Exercise aim -
In the listing below, locate the lines bearing the word "Short". Copy every one of them.

- - -

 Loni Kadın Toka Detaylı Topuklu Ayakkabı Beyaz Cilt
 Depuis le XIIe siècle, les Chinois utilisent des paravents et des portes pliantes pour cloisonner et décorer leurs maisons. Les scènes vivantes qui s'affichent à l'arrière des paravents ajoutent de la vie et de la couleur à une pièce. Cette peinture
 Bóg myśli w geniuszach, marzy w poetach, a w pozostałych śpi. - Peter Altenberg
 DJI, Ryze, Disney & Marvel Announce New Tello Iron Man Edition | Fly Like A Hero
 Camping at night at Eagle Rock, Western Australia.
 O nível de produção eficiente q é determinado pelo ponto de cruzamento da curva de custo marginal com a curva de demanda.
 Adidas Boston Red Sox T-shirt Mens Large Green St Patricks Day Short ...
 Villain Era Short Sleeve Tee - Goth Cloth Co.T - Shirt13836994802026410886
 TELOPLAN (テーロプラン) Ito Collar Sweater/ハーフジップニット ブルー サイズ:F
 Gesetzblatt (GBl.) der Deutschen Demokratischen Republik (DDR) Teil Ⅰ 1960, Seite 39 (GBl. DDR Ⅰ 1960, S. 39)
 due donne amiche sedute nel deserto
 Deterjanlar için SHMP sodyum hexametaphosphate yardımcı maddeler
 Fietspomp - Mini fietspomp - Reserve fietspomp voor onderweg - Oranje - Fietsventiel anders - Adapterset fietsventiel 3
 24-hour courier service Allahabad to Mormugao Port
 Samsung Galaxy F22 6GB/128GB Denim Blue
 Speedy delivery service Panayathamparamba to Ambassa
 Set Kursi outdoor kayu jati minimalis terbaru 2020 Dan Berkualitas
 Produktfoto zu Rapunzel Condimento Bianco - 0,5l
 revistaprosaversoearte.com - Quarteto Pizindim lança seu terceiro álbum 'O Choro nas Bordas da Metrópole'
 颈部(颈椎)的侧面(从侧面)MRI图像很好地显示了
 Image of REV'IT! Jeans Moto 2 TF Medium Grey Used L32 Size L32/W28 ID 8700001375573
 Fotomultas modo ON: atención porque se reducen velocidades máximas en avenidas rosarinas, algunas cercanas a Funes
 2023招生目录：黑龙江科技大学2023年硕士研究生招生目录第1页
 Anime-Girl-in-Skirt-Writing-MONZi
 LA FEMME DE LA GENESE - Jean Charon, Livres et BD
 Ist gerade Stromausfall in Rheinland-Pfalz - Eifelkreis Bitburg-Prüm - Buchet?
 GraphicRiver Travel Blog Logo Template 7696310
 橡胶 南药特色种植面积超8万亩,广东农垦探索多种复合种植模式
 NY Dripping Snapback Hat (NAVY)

- - -

Result -
 Adidas Boston Red Sox T-shirt Mens Large Green St Patricks Day Short ...
 Villain Era Short Sleeve Tee - Goth Cloth Co.T - Shirt13836994802026410886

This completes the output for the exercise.